Market-based incentives should be able to improve cybersecurity, while government mandates could harm the Internet, he said.

"Federally mandated cybersecurity standards not only would not work, but they would be seriously counterproductive to our national economic interests and our national security interests," Clinton said.

But Larry Wortzel, vice chairman of government advisory group the U.S.-China Economic and Security Review Commission, said some mandates may be necessary for private companies associated with national security.

There is some good news, another DOJ employee, Steven Chabinsky, told senators, as U.S. law enforcement officials have brought charges against two large cyber-criminal rings in recent weeks. Chabinsky, deputy assistant director of the Cyber Division at the U.S. Federal Bureau of Investigation, said the agency's work with foreign law-enforcement groups and private organizations has led to "increased and repeatable successes" in fighting cyber crime.

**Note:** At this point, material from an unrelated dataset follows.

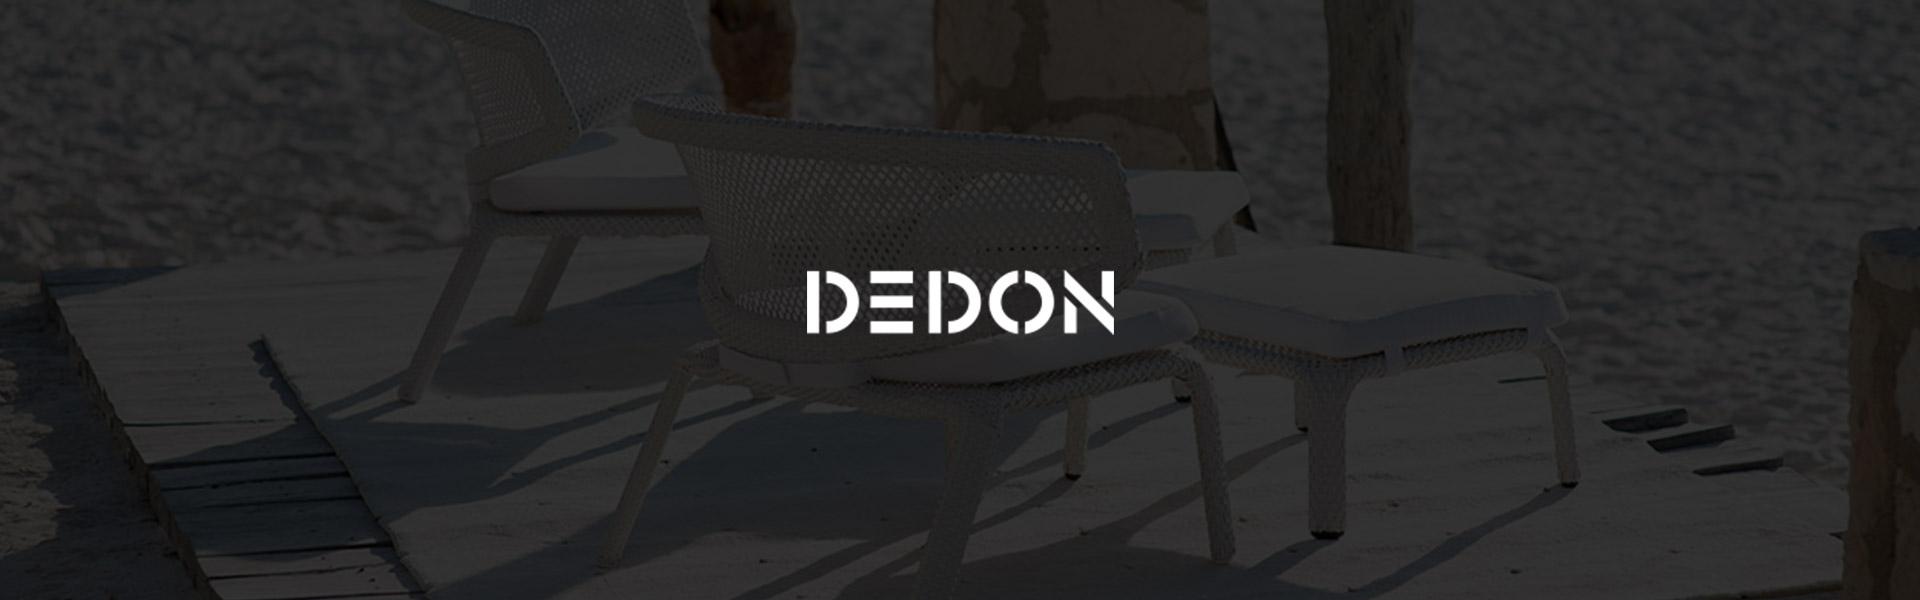 dedon_1
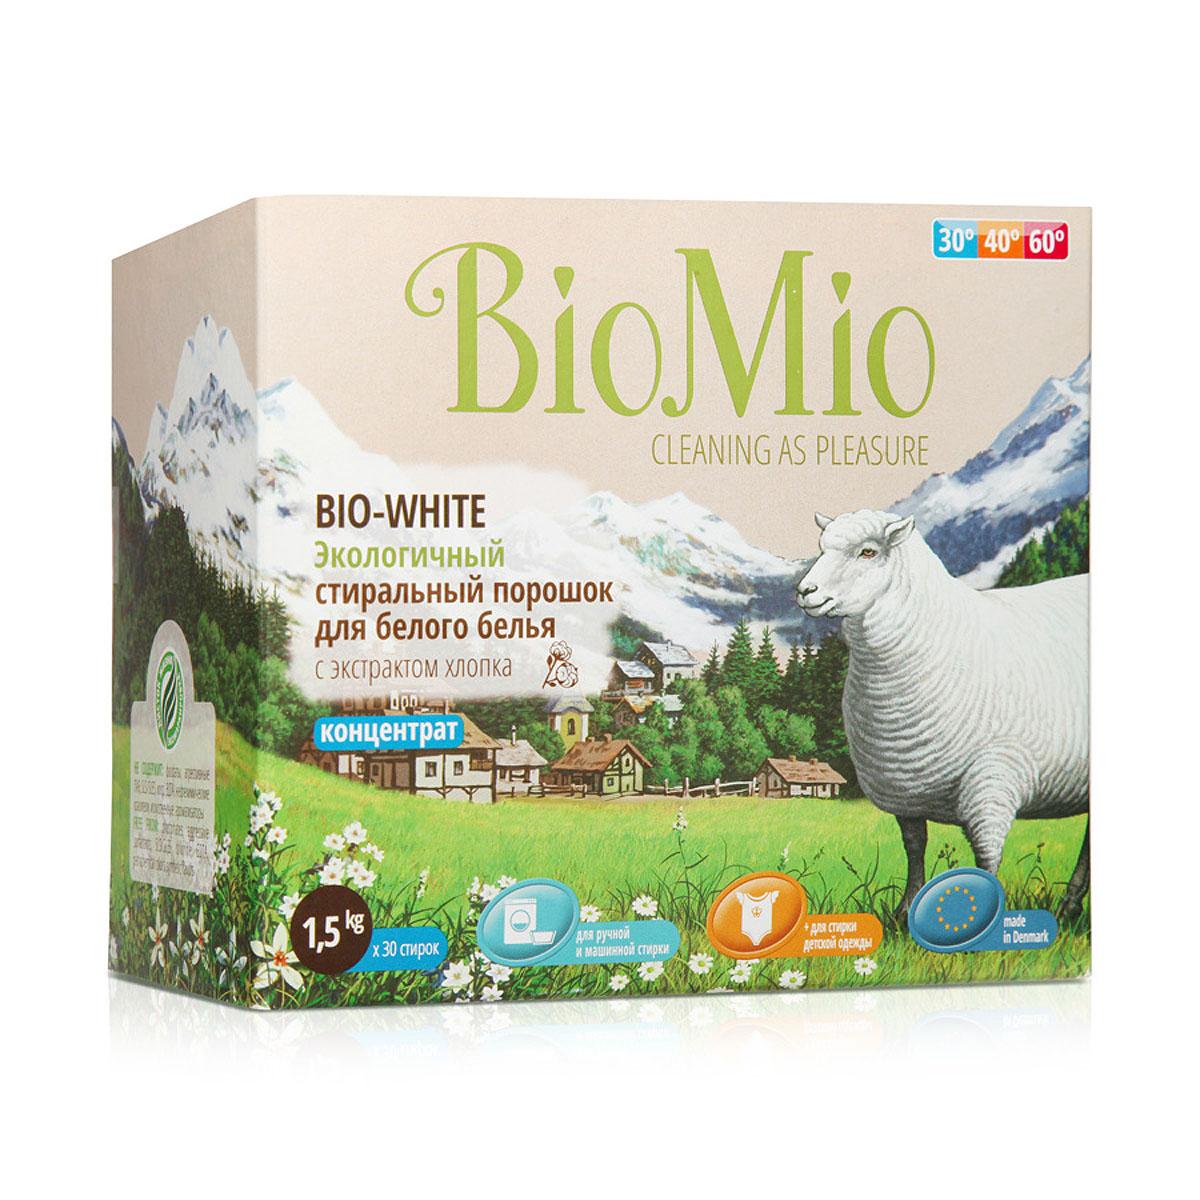 Экологичный стиральный порошок BioMio, для белого белья, с экстрактом хлопка, 1,5 кг531-402Экологичный стиральный порошок BioMio эффективно удаляет пятна и загрязнения, не повреждая волокна ткани. Подходит для ручной и машинной стирки. Концентрированная формула обеспечивает экономичный расход. Идеально подходит для стирки детского белья и одежды людей с чувствительной кожей. Полностью выполаскивается, исключает попадание на кожу моющих средств, способных вызывать раздражение чувствительной кожи. Средство без запаха не содержит эфирных масел, что делает его абсолютно безопасным для детской одежды. Не содержит вредных светоотражающих частиц, которые создают иллюзию чистоты и белизны. Безопасен для планеты. Не содержит: фосфаты, агрессивные ПАВ, SLS/SLES, хлор, EDTA, нефтехимические красители, искусственные ароматизаторыBioMio - линейка эффективных средств для дома, использование которых приносит только удовольствие. Уборка помогает не только очистить и гармонизировать свое пространство, но и себя, свои мысли, поэтому важно ее делать с радостью. Средства, созданные с любовью и заботой, помогут в этом и идеально справятся с загрязнениями, оставаясь при этом абсолютно безопасными и экологичными. Средства BioMio незаменимы, если в доме есть ребенок. Характеристики:Состав: 15-30% кислородный отбеливатель; 5-15% цеолиты, неионогенные ПАВ; Вес: 1,5 кг. Товар сертифицирован.

Catching cyber thieves is important, but the U.S. government needs to do a better job of preventing attacks, suggested Senator Benjamin Cardin, a Maryland Democrat. "The good news is we've brought indictments against those who were able to rob us," Cardin said. "The bad news is they were able to rob us. Every day, as I understand it, there is money being stolen through cyberspace."

The subcommittee hearing was supposed to be partly focused on preventing terrorist attacks in cyberspace, but Chabinsky told senators the FBI has not yet seen a "high level" of sophistication necessary for terrorism groups to attack the U.S. cyber infrastructure. The agency, however, is tracking people sympathetic to al-Qaida who've expressed interest in developing the skills necessary, he said.

Other nations and potentially some cyber-criminal groups do have significant capabilities, Chabinsky added. These groups have the ability to alter software, conduct remote intrusions, reroute and monitor wireless communications, and "position employees within our private sector and government organizations as insider threats, awaiting further instruction," he said.